Cue, an open-source data validation language

wikibob · 5 years ago

Some context:

Cue is a project originally started by Marcel van Lohuizen who previously was part of BCL (Borg Config Lang) at Google. The main use is to generate config files.

See the Kubernetes examples at: https://cuelang.org/docs/tutorials/

Here are two posts discussing the motivations for Cue over BCL/Jsonnet:

- https://github.com/cuelang/cue/issues/33#issuecomment-483615...

- https://github.com/cuelang/cue/discussions/669

A very interesting development is that Grafana appears to be adopting Cue as a first-class configuration option. See: "Bring new CUE-based config schema system to release-readiness" https://github.com/grafana/grafana/issues/33139

This could mean that a future where Grafana dashboards can be two-way synced with a git repo will eventually exist.

----

Other tools with some industry adoption in the "Infrastructure as Code" space include

- Dhall

- Jsonnet (from BCL)

- kustomize

- Helm

- kubecfg

- Tanka

- SkyCfg

- jkcfg

- Krane

- HCL (Terraform)

And two tools that fall into a separate class of enabling "Infrastructure as Software"

- Pulumi (TypeScript/Go/Python/.NET)

- CDK

sdboyer · 5 years ago

re: Grafana (i'm the author of the linked issue) - i'm quite excited, i do think there's a world of possibilities here.

Two-way sync with a git repo is one possible path, and we've talked a lot internally at GL about how to best support it. My sense is that we can do it with relatively little friction and likely will - but if you're just syncing with a git repo, there's still a lot of arbitrary, opaque repo layout decisions that still have to be made (how do you map a filesystem position for a dashboard to a position in Grafana? In a way that places the dashboards next to the systems they're intended to observe? With many teams? With many Grafana instances?) which induce new kinds of friction at scale.

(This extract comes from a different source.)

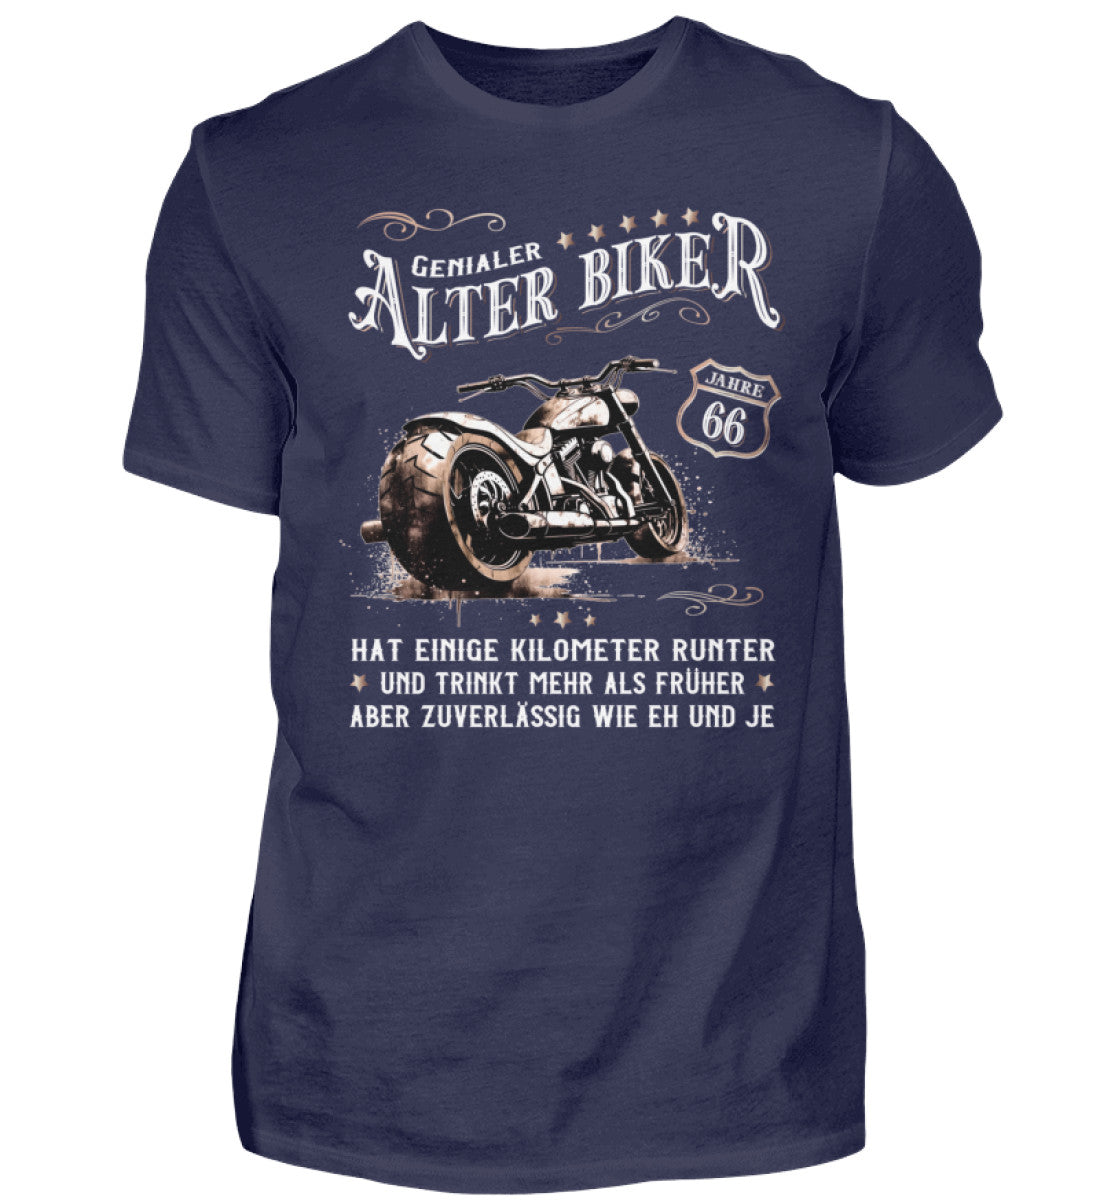 Ein Biker T-Shirt zum Geburtstag für Motorradfahrer von Wingbikers mit dem Aufdruck, Alter Biker - 66 Jahre - Einige Kilometer runter, trinkt mehr - aber zuverlässig wie eh und je - in navy blau.

Fortunately - and not mutually exclusively with the above - by building the system for schema in CUE, we've made a composable thing that we can make into larger systems. That's what we're starting to do with Polly: https://github.com/pollypkg/polly

Conveniently, my parts of a Grafanaconline talk tomorrow discusses both of these https://grafana.com/go/grafanaconline/2021/dashboards-as-cod... :D

thelastbender12 · 5 years ago

This seems really exciting. I haven't had the chance to use Grafana yet; from the linked issue, am I understanding correctly that you'll be able to serialize dashboards to Cue schema, and hence get all the niceties of a structured representation - versioning, non-visual editing, and reproducibility?

I recall seeing another project HN which created dashboards out of a yaml description. This seems like a fantastic idea, given that a lot of business panels and dashboard apps can be implemented with a limited set of UI interactions.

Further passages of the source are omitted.